_Source data_.
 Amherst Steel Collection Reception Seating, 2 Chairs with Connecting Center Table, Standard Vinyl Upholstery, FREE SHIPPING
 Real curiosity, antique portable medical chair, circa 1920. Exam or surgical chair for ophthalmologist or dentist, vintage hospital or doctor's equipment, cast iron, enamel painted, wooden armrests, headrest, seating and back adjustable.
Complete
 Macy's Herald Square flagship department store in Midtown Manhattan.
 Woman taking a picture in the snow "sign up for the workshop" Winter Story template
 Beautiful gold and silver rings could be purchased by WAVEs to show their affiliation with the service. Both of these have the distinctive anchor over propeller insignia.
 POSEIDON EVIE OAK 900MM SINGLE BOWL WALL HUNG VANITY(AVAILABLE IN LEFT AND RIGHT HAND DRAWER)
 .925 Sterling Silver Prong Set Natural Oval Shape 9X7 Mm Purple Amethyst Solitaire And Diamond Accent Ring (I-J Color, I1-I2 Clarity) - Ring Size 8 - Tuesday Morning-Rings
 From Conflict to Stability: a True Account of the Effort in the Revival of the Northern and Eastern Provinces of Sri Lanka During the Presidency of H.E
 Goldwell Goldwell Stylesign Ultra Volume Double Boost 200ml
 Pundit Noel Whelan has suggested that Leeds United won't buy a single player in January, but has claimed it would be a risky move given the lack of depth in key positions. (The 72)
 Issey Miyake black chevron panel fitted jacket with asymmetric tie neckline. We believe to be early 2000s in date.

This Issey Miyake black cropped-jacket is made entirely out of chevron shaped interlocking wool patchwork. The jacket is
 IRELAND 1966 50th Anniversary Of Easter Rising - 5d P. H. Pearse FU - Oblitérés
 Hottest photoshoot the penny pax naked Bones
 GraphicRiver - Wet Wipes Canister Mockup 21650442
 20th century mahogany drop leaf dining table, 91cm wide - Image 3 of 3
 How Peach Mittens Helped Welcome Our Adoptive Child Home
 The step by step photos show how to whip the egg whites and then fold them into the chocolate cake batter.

_Work to be completed_. Retype only the stretch of lines above starting at the one with "POSEIDON EVIE OAK" and stopping at the one with "Issey Miyake black chevron", exactly as written, with both kept.

_Task answer_.
 POSEIDON EVIE OAK 900MM SINGLE BOWL WALL HUNG VANITY(AVAILABLE IN LEFT AND RIGHT HAND DRAWER)
 .925 Sterling Silver Prong Set Natural Oval Shape 9X7 Mm Purple Amethyst Solitaire And Diamond Accent Ring (I-J Color, I1-I2 Clarity) - Ring Size 8 - Tuesday Morning-Rings
 From Conflict to Stability: a True Account of the Effort in the Revival of the Northern and Eastern Provinces of Sri Lanka During the Presidency of H.E
 Goldwell Goldwell Stylesign Ultra Volume Double Boost 200ml
 Pundit Noel Whelan has suggested that Leeds United won't buy a single player in January, but has claimed it would be a risky move given the lack of depth in key positions. (The 72)
 Issey Miyake black chevron panel fitted jacket with asymmetric tie neckline. We believe to be early 2000s in date.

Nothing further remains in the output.